To: "David S. Miller" <davem@xxxxxxxxxxxxx>, Eric Dumazet <edumazet@xxxxxxxxxx>, Jakub Kicinski <kuba@xxxxxxxxxx>, Paolo Abeni <pabeni@xxxxxxxxxx>, Alexander Aring <alex.aring@xxxxxxxxx>, Stefan Schmidt <stefan@xxxxxxxxxxxxxxxxxx>, Miquel Raynal <miquel.raynal@xxxxxxxxxxx>, David Ahern <dsahern@xxxxxxxxxx>, Steffen Klassert <steffen.klassert@xxxxxxxxxxx>, Herbert Xu <herbert@xxxxxxxxxxxxxxxxxxx>, Matthieu Baerts <matttbe@xxxxxxxxxx>, Mat Martineau <martineau@xxxxxxxxxx>, Geliang Tang <geliang@xxxxxxxxxx>, Ralf Baechle <ralf@xxxxxxxxxxxxxx>, Remi Denis-Courmont <courmisch@xxxxxxxxx>, Allison Henderson <allison.henderson@xxxxxxxxxx>, David Howells <dhowells@xxxxxxxxxx>, Marc Dionne <marc.dionne@xxxxxxxxxxxx>, Marcelo Ricardo Leitner <marcelo.leitner@xxxxxxxxx>, Xin Long <lucien.xin@xxxxxxxxx>, Wenjia Zhang <wenjia@xxxxxxxxxxxxx>, Jan Karcher <jaka@xxxxxxxxxxxxx>, "D. Wythe" <alibuda@xxxxxxxxxxxxxxxxx>, Tony Lu <tonylu@xxxxxxxxxxxxxxxxx>, Wen Gu <guwen@xxxxxxxxxxxxxxxxx>, Trond Myklebust <trond.myklebust@xxxxxxxxxxxxxxx>, Anna Schumaker <anna@xxxxxxxxxx>, Chuck Lever <chuck.lever@xxxxxxxxxx>, Jeff Layton <jlayton@xxxxxxxxxx>, Neil Brown <neilb@xxxxxxx>, Olga Kornievskaia <kolga@xxxxxxxxxx>, Dai Ngo <Dai.Ngo@xxxxxxxxxx>, Tom Talpey <tom@xxxxxxxxxx>, Jon Maloy <jmaloy@xxxxxxxxxx>, Ying Xue <ying.xue@xxxxxxxxxxxxx>, Martin Schiller <ms@xxxxxxxxxx>, Pablo Neira Ayuso <pablo@xxxxxxxxxxxxx>, Jozsef Kadlecsik <kadlec@xxxxxxxxxxxxx>, Florian Westphal <fw@xxxxxxxxx>, Roopa Prabhu <roopa@xxxxxxxxxx>, Nikolay Aleksandrov <razor@xxxxxxxxxxxxx>, Simon Horman <horms@xxxxxxxxxxxx>, Julian Anastasov <ja@xxxxxx>, Joerg Reuter <jreuter@xxxxxxxx>, Luis Chamberlain <mcgrof@xxxxxxxxxx>, Kees Cook <keescook@xxxxxxxxxxxx>
Subject: [PATCH 0/4] sysctl: Remove sentinel elements from networking
Cc: netdev@xxxxxxxxxxxxxxx, linux-kernel@xxxxxxxxxxxxxxx, dccp@xxxxxxxxxxxxxxx, linux-wpan@xxxxxxxxxxxxxxx, mptcp@xxxxxxxxxxxxxxx, linux-hams@xxxxxxxxxxxxxxx, linux-rdma@xxxxxxxxxxxxxxx, rds-devel@xxxxxxxxxxxxxx, linux-afs@xxxxxxxxxxxxxxxxxxx, linux-sctp@xxxxxxxxxxxxxxx, linux-s390@xxxxxxxxxxxxxxx, linux-nfs@xxxxxxxxxxxxxxx, tipc-discussion@xxxxxxxxxxxxxxxxxxxxx, linux-x25@xxxxxxxxxxxxxxx, netfilter-devel@xxxxxxxxxxxxxxx, coreteam@xxxxxxxxxxxxx, bridge@xxxxxxxxxxxxxxx, lvs-devel@xxxxxxxxxxxxxxx, Joel Granados <j.granados@xxxxxxxxxxx>
From: Joel Granados via B4 Relay <devnull+j.granados.samsung.com@xxxxxxxxxx>
Date: Thu, 14 Mar 2024 20:20:40 +0100
From: Joel Granados <j.granados@xxxxxxxxxxx>

What?
These commits remove the sentinel element (last empty element) from the
sysctl arrays of all the files under the "net/" directory that register
a sysctl array.

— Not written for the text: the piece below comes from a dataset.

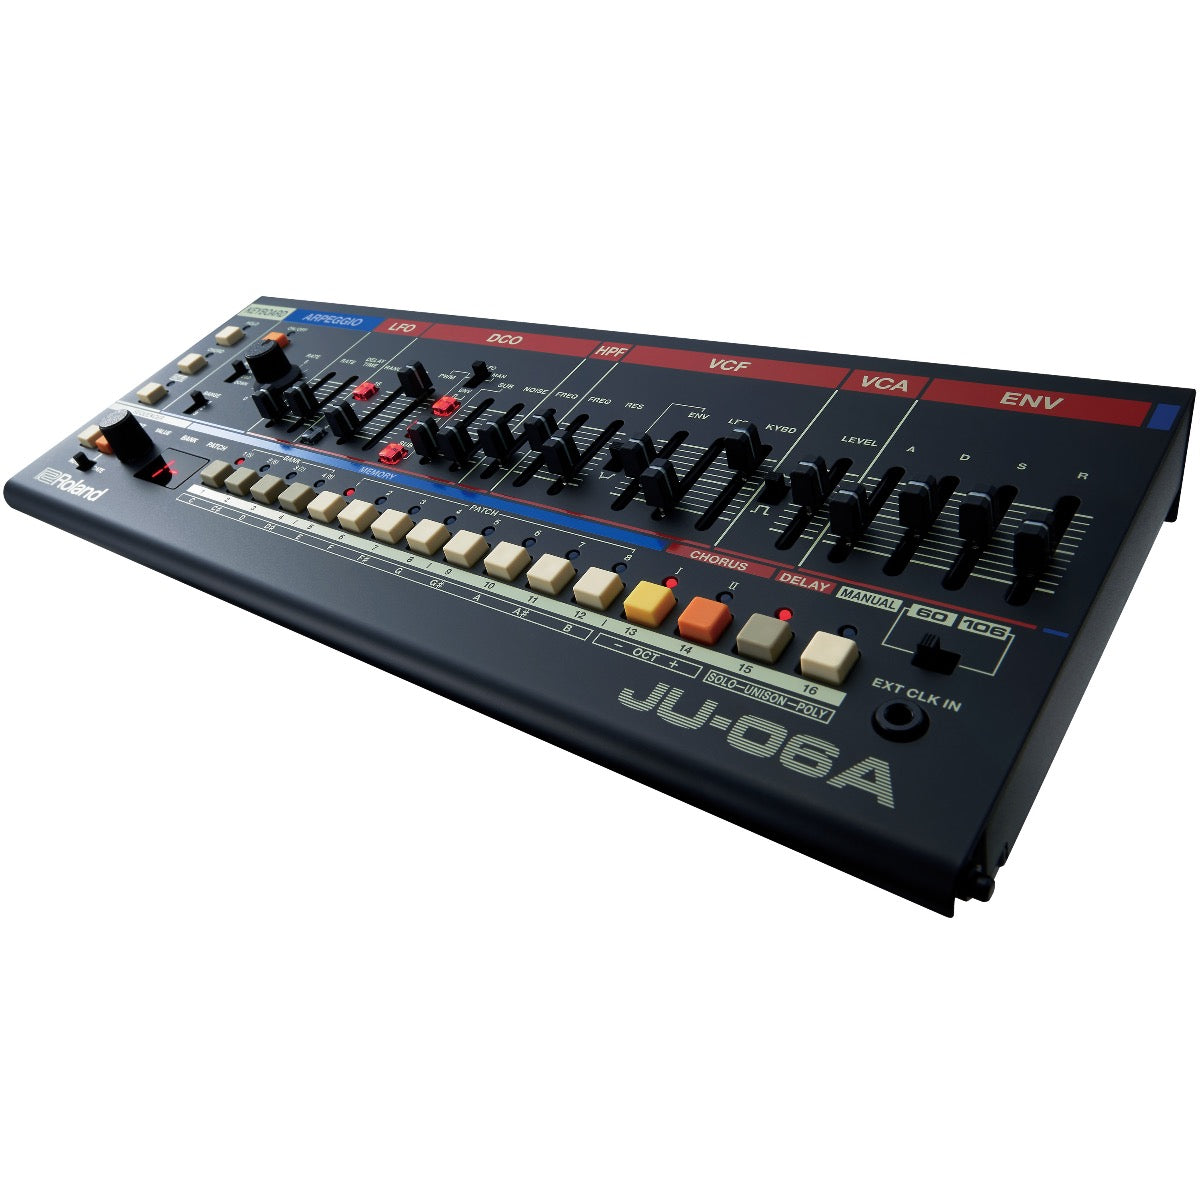 3/4 view of Roland Boutique JU-06A showing top, front and right side
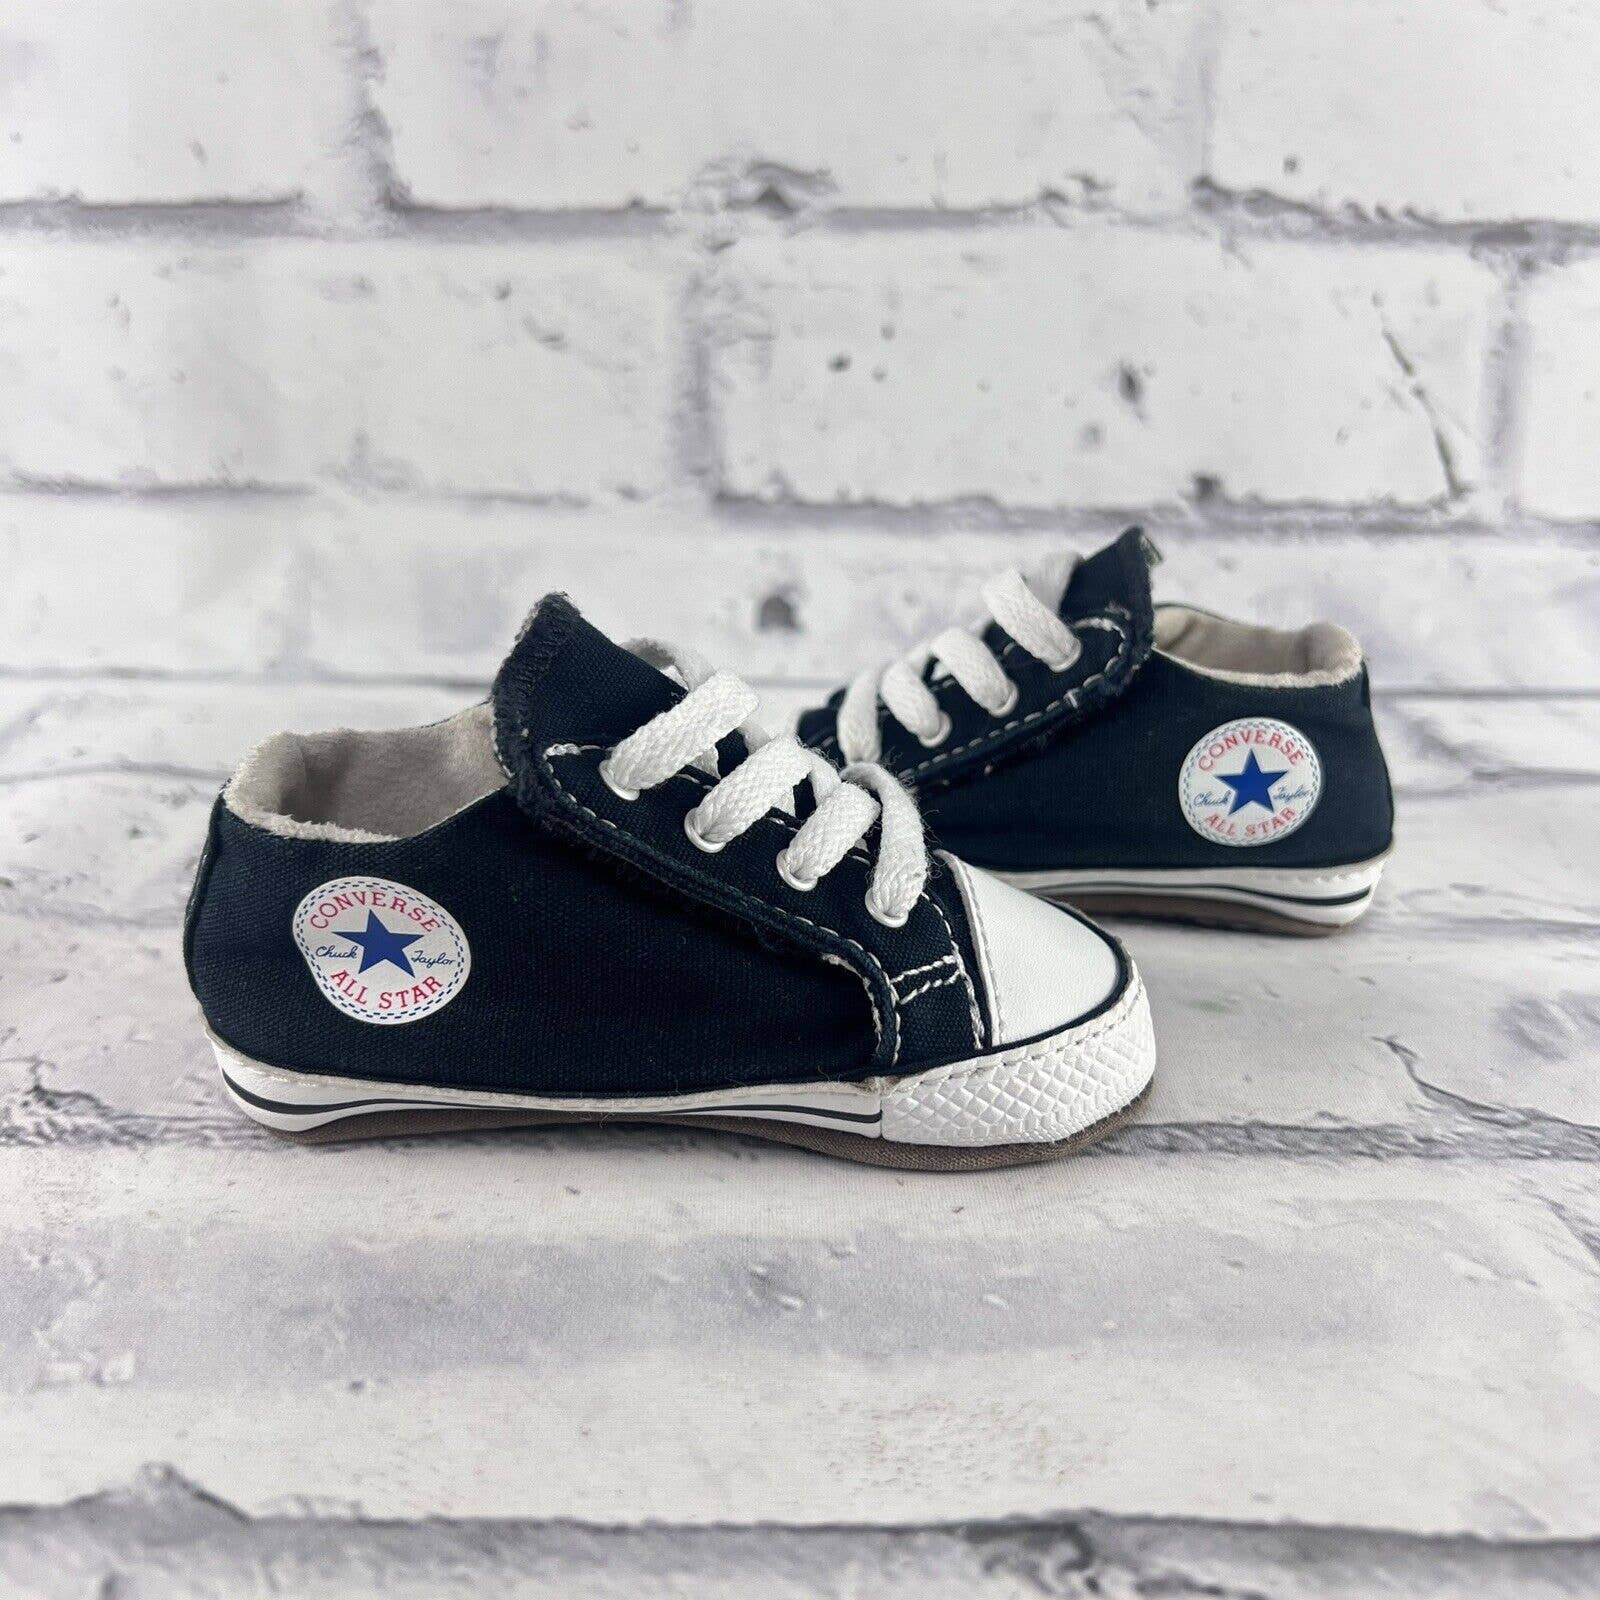 Converse Chuck Taylors All Star Black Cribster Infant Baby Size 3 Black & White

The merging of the preparation patches [4] to mainline
allows us to just remove sentinel elements without changing behavior.
This is safe because the sysctl registration code (register_sysctl() and
friends) use the array size in addition to checking for a sentinel [1].

Why?
By removing the sysctl sentinel elements we avoid kernel bloat as
ctl_table arrays get moved out of kernel/sysctl.c into their own
respective subsystems. This move was started long ago to avoid merge
conflicts; the sentinel removal bit came after Mathew Wilcox suggested
it to avoid bloating the kernel by one element as arrays moved out. This
patchset will reduce the overall build time size of the kernel and run
time memory bloat by about ~64 bytes per declared ctl_table array (more
info here [5]).

When are we done?
There are 4 patchest (25 commits [2]) that are still outstanding to
completely remove the sentinels: files under "net/" (this patchset),
files under "kernel/" dir, misc dirs (files under mm/ security/ and
others) and the final set that removes the unneeded check for ->procname
== NULL.

Testing:
* Ran sysctl selftests (./tools/testing/selftests/sysctl/sysctl.sh)
* Ran this through 0-day with no errors or warnings

Savings in vmlinux:
  A total of 64 bytes per sentinel is saved after removal; I measured in
  x86_64 to give an idea of the aggregated savings. The actual savings
  will depend on individual kernel configuration.
    * bloat-o-meter
        - The "yesall" config saves 3976 bytes (bloat-o-meter output [6])
        - A reduced config [3] saves 1263 bytes (bloat-o-meter output [7])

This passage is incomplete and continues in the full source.